18 Jan My Mistake!
Today I made a mistake I’ve never made in my 21 years of teaching. Before I tell you how it went, let me give you some background. These past few years, I’ve been worried about what seems to be a new breed of students. Demographers call them the “millennials.” Generally, they’re characterized as thoroughly pampered, underprepared, and naively over-confident, a combination that guarantees their disappointment in the real world and, more to my point, makes them difficult to teach. They seem to need a lot more care and cultivation than their predecessors. Apparently, they’ve been encouraged to think that they are wonderful no matter what they do or don’t do; and this often comes crashing in on their heads in college, where teachers are less inclined to lie and pamper. The height of irony is that the baby boomers, the most iconoclastic generation, has produced this generation of most conformist and coddled children. Still, I love them and love to teach them.
That’s why, this year I decided to redouble my effort at fine-tuning my teaching to address these students’ needs. Does that mean I want to coddle them? No, I do not. But I can’t teach them if I can’t reach them. So I’m making time for more one-on-one conferences and, like a high school teacher, I review the syllabus every class — something I vowed I’d never do. And I repeat, again and again, the aims and objectives of every class. And I appeal to their self-interest in more pointed ways, viz.: you want power, don’t you? If you write well, you gain power: you influence people, you make things happen. Oh, and one more thing: I ask all of my students to write me a letter about themselves, which they email to me a couple of days before the semester starts. This pulls them in more quickly and perhaps makes them more receptive to teaching.

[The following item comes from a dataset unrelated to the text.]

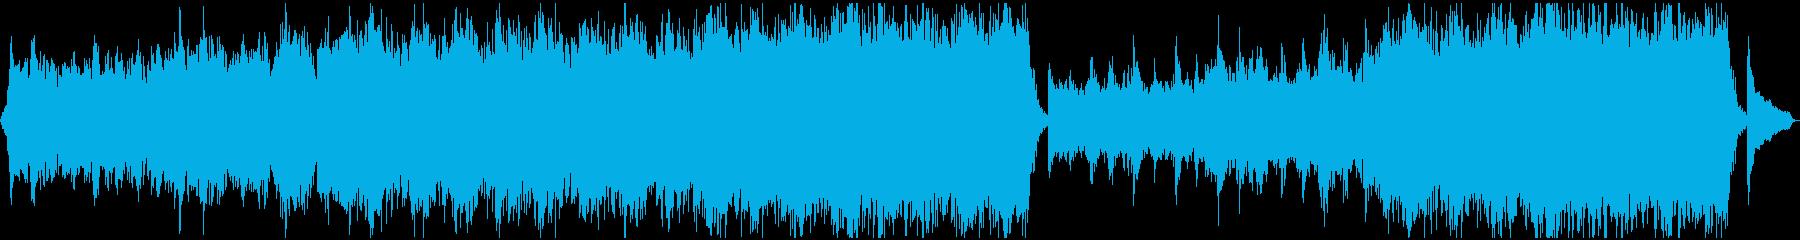 アンビエントで栄光のような曲の再生済みの波形

Generally, it’s more work keeping the fires stoked in the second semester. Our winter break is short and students return already a bit bruised and jaded. But this semester I was readier than ever: I’d done all my prep work and had had all of my material down. I’d spent most of the break writing an online text book for a new class I’m teaching, about publishing and editing. So today, the first day of spring classes, I was doing well. Walking to my last class of the day, in fact, I was congratulating myself on having started this semester with more good will and careful preparation than I had in many years.
My last class of the day, publishing and editing, is a lab class. I’ve been teaching in the university’s media lab for four years. No big deal. But today, as the hour neared, I was puzzled. Nobody was showing up. Then, right at class time, one student did. He introduced himself. i invited him to sit at the computer next to me. After he checked his email, he said, “Oh, no — have I made a mistake? Class was at 3:00.” It was now 4:35. I felt my face burn with the realization that, for the first time ever, I had missed a class. Missed it by a mile. Every department has a professor who does this routinely: the feckless, marginally competent oldster who miraculously has managed to keep his job despite his laughable reputation. But I’m NOT that guy. I’m Mr. Reliable. I’m the guy who gets things done, the guy who follows through. But not today. No, right here, right now, I was, I am, that Mr. Clueless.
Later, Jill tried to make me feel better by reminding me of other lapses I’ve made when overworked, like the time I showed up for a radio interview a day early (that’s more my style). Buy I’m NOT overworked. I’m not distracted. I wasn’t unprepared. And I didn’t forget. I just assumed that this lab class, like the six others I’d taught, was scheduled for 4:30 PM. Was that hubris? Ironically, it appears that my chair was trying to do me a favor by scheduling the class earlier in the day.
Years ago, a mistake like this would have freaked me out; I mean, I’d be due for a week of sleepless nights. I’ve learned that in making mistakes, there’s not much to be learned from dwelling on it or picking at it like a scab. I sent a note to the students. It was a funny note and an authoritative note — you can’t let something like this shake you. It’s like discovering your fly is down while you’re making a speech. Just zip it up and carry on. So I’m carrying on.
But here’s the rub. In order to teach well and exact as much work from students as possible, you can’t make a big mistake like this. Now, the advantage is theirs. Whether consciously or not, they know it and they will use it. In short: I OWE them. So I have to make the best of it and take what comes and hope that I teach so hard and so well that these gentle souls will forget all about this first day, when — unbeknownest to them –I was in my office eagerly prepping for a class I would not get to teach.